Se corrió la voz de que estaba agonizando. Los guardias abrieron la trampa de la perrera y la sacaron sin ningún esfuerzo, porque estaba muy liviana. La llevaron de nuevo donde el coronel García, que en esos días había renovado su odio, pero Alba no lo reconoció. Estaba más allá de su poder.
Por fuera, el hotel Cristóbal Colón tenía el mismo aspecto anodino de una escuela primaria, tal como yo lo recordaba. Había perdido la cuenta de los años que habían transcurrido desde la última vez que estuve allí y traté de hacerme la ilusión de que podría salir a recibirme el mismo Mustafá de antaño, aquel negro azul, vestido como una aparición oriental con su doble hilera de dientes de plomo y su cortesía de visir, el único negro auténtico del país, todos los demás eran pintados, como había asegurado Tránsito Soto. Pero no fue así. Un portero me condujo a un cubículo muy pequeño, me señaló un asiento y me indicó que esperara. Al poco rato apareció, en vez del espectacular Mustafá, una señora con el aire triste y pulcro de una tía provinciana, uniformada de azul con cuello blanco almidonado, que al verme tan anciano y desvalido, dio un ligero respingo. Llevaba una rosa roja en la mano.
— ¿El caballero viene solo? — preguntó.
— ¡Por supuesto que vengo solo! — exclamé.
La mujer me pasó la rosa y me preguntó qué cuarto prefería.
— Me da igual–respondí sorprendido.
— Están libres el Establo, el Templo y las Mil y Una Noches. ¿Cuál quiere?
— Las Mil y Una Noches–dije al azar.
Me condujo por un largo pasillo señalado con luces verdes y flechas rojas. Apoyado en mi bastón, arrastrando los pies, la seguí con dificultad. Llegamos a un pequeño patio donde se alzaba una mezquita en miniatura, provista de absurdas ojivas de vidrios coloreados.
— Es aquí. Si desea beber algo, pídalo por teléfono–indicó.
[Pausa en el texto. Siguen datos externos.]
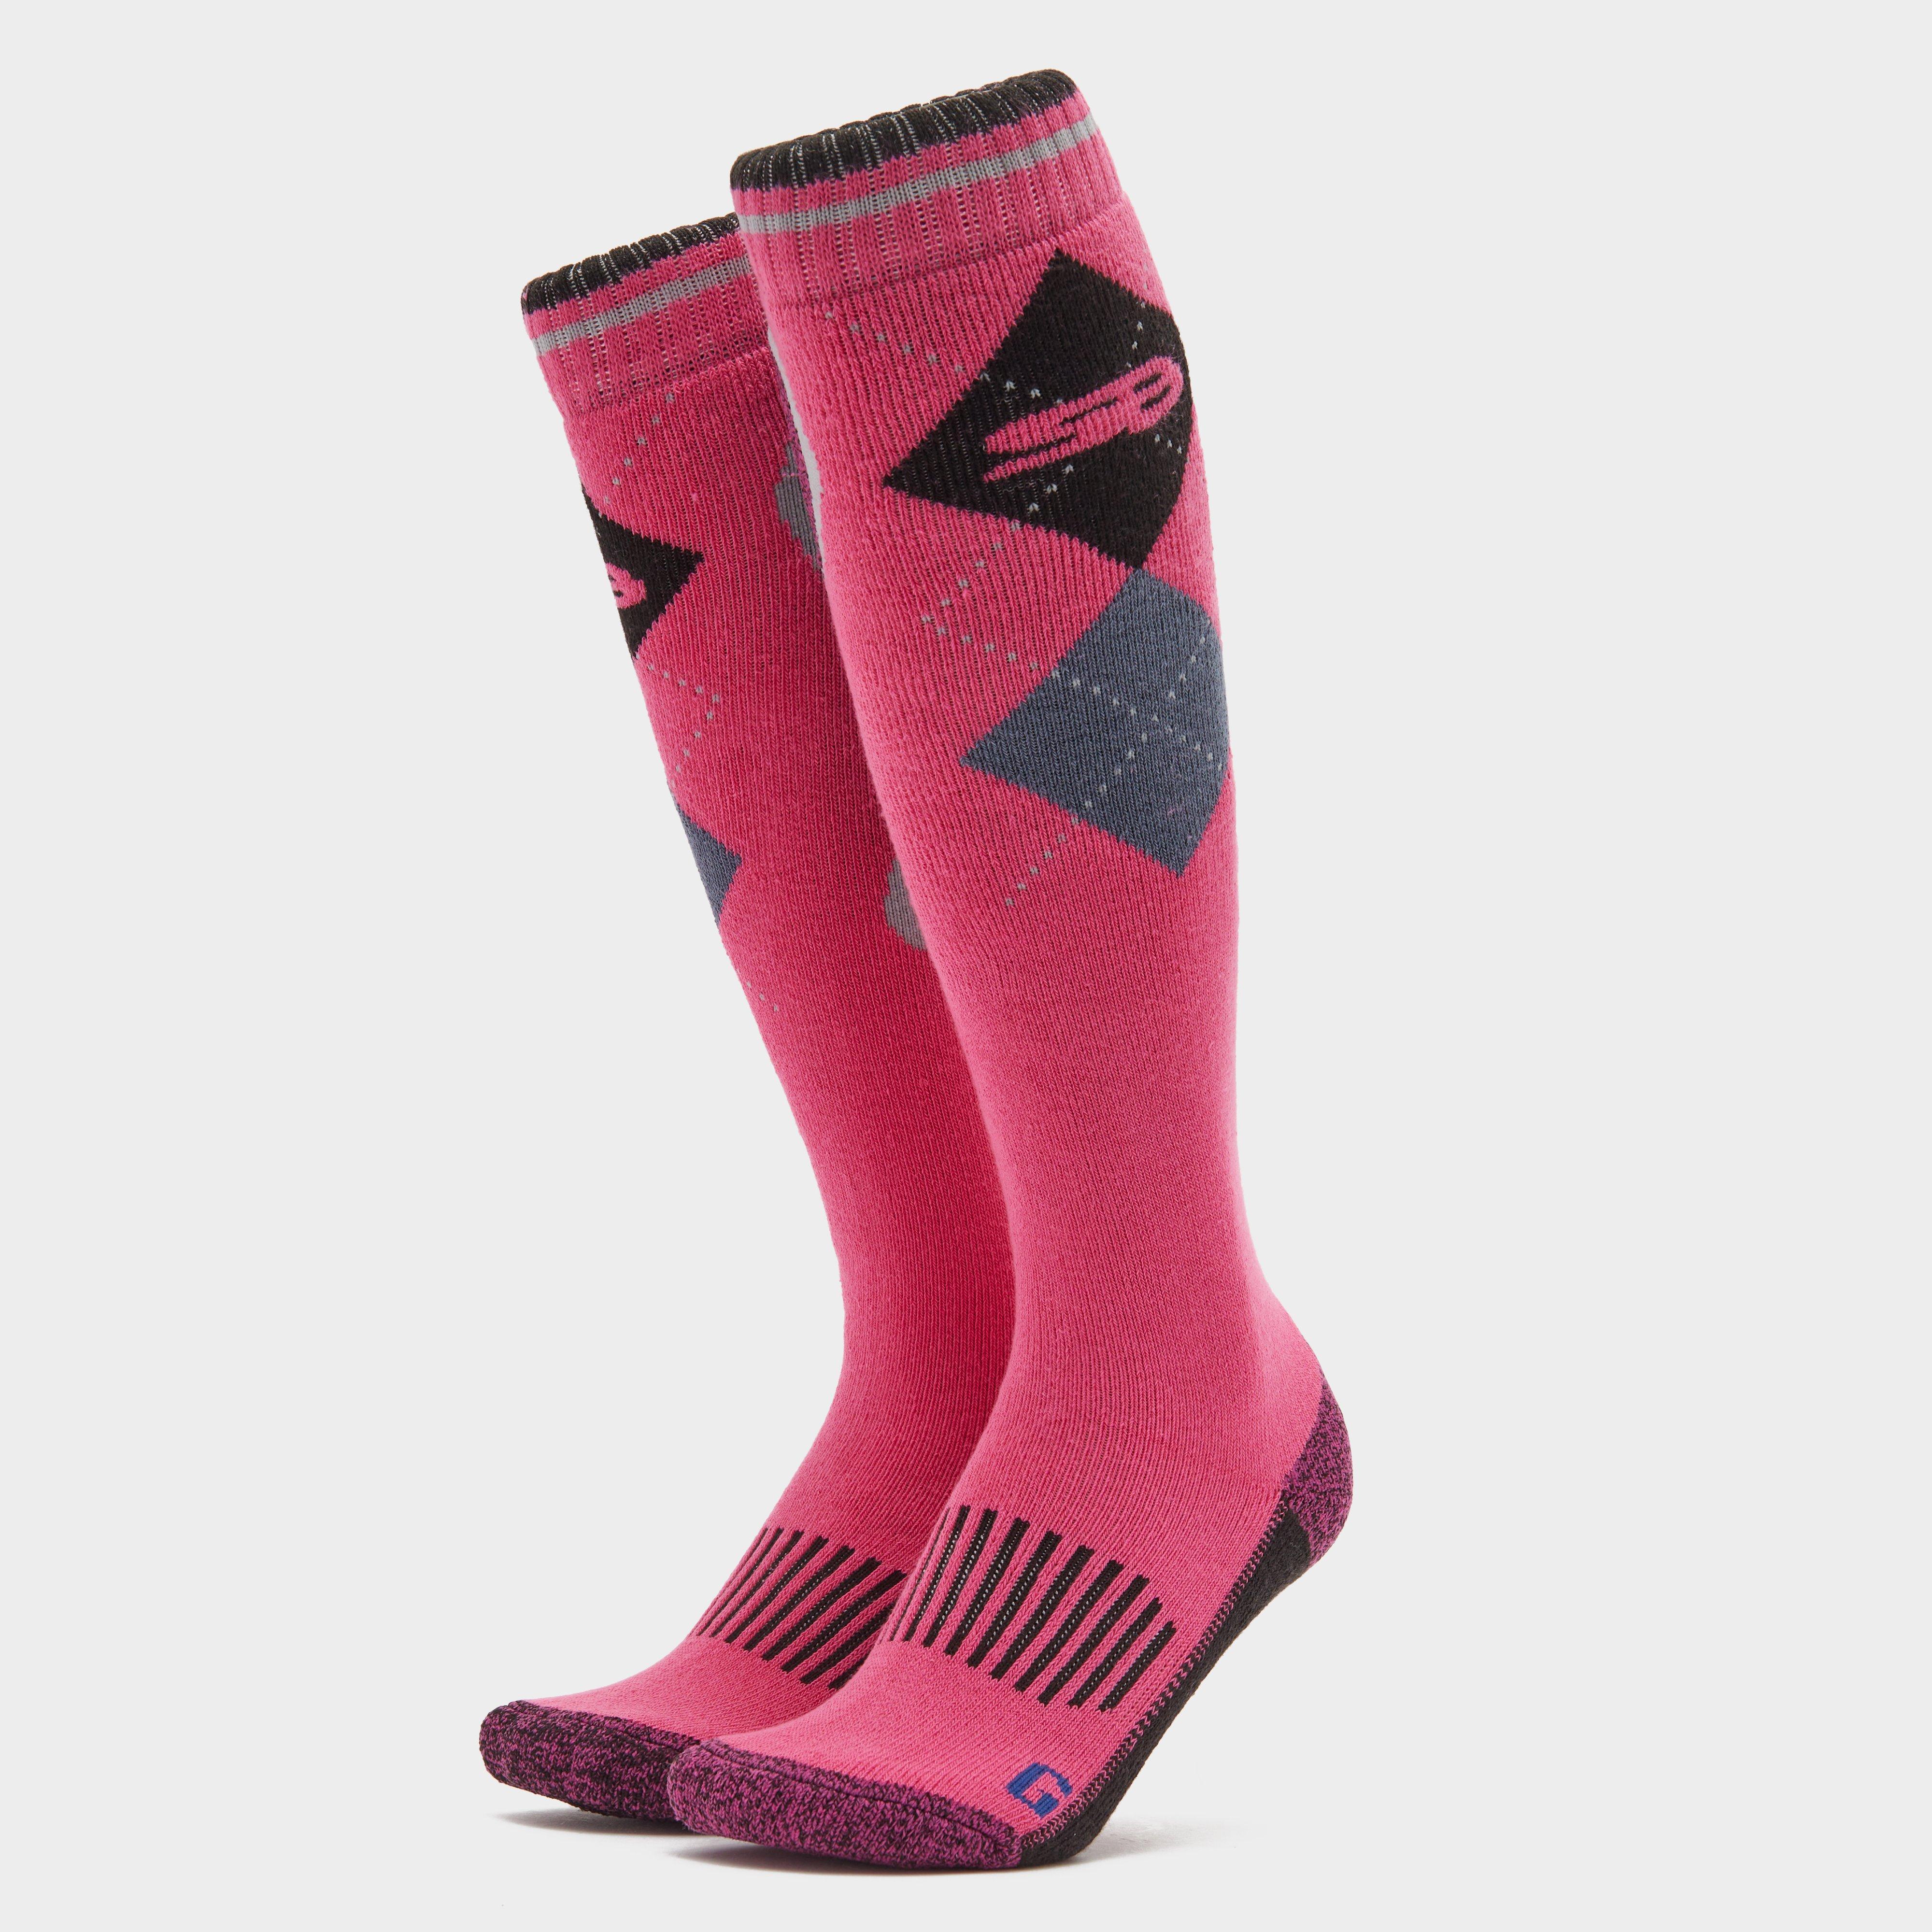 Image of Storm Bloc Women's Patterdale Long Socks - Black/Black, Black/Black

— Quiero hablar con Tránsito Soto. A eso he venido–dije.
— Lo siento, pero la señora no atiende a particulares. Sólo a proveedores.
— ¡Yo tengo que hablar con ella! Dígale que soy el senador Trueba. Me conoce.
— No recibe a nadie, ya le dije–replicó la mujer cruzándose de brazos.
Levanté el bastón y le anuncié que si en diez minutos no aparecía Tránsito Soto en persona, rompería los vidrios y todo lo que hubiera dentro de su caja de Pandora. La uniformada retrocedió espantada. Abrí la puerta de la mezquita y me encontré dentro de una Alhambra de pacotilla. Una corta escalera de azulejos, cubierta con falsas alfombras persas, conducía a una habitación hexagonal con una cúpula en el techo, donde alguien había puesto todo lo que pensaba que existía en un harén de Arabia, sin haber estado nunca allí: almohadones de damasco, pebeteros de vidrio, campanas y toda suerte de baratijas de bazar. Entre las columnas, multiplicadas hasta el infinito por la sabia disposición de los espejos, vi un baño de mosaico azul más grande que el dormitorio, con una gran alberca donde calculé que se podía lavar una vaca y, con mayor razón, podían retozar dos amantes juguetones. No se parecía en nada al Cristóbal Colón que yo había conocido. Me senté trabajosamente sobre la cama redonda, sintiéndome de súbito muy cansado. Me dolían mis viejos huesos. Levanté la vista y un espejo en el techo me devolvió mi imagen: un pobre cuerpo empequeñecido, un rostro triste de patriarca bíblico surcado de amargas arrugas y los restos de una blanca melena. «¡Cómo ha pasado el tiempo!», suspiré.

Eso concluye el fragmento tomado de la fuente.